What this task involves — The task calls for each line of the records below in which the word "South" appears.

[Source records]
----

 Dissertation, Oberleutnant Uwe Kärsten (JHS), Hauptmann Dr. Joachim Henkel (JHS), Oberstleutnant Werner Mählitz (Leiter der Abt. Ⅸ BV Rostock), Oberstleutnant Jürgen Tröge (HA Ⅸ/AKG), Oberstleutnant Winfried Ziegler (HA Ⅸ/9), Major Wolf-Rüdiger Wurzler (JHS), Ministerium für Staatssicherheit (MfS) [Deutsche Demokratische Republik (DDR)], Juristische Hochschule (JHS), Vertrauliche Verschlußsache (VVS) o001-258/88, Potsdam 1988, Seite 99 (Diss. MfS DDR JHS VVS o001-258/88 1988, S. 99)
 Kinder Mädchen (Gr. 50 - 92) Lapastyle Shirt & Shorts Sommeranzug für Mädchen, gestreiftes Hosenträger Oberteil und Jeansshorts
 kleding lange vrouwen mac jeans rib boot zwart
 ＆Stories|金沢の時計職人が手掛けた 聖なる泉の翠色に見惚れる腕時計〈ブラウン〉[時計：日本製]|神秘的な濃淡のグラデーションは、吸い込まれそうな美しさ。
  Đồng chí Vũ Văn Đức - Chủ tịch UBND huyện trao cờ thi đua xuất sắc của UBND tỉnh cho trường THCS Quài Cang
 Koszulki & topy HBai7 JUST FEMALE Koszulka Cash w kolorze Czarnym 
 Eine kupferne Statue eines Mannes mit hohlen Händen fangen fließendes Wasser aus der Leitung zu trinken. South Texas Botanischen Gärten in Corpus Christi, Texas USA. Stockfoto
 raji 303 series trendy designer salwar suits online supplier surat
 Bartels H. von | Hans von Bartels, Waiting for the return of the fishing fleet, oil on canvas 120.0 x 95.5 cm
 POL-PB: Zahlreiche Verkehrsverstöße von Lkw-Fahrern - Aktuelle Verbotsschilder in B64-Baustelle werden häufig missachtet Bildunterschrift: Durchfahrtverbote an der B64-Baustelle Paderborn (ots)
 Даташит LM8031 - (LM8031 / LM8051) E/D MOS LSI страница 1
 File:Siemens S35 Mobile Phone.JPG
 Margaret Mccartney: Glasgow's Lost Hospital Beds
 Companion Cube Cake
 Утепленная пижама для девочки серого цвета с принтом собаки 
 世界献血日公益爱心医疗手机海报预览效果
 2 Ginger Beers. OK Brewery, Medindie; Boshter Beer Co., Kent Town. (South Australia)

----

Answer for this exercise —
 Eine kupferne Statue eines Mannes mit hohlen Händen fangen fließendes Wasser aus der Leitung zu trinken. South Texas Botanischen Gärten in Corpus Christi, Texas USA. Stockfoto
 2 Ginger Beers. OK Brewery, Medindie; Boshter Beer Co., Kent Town. (South Australia)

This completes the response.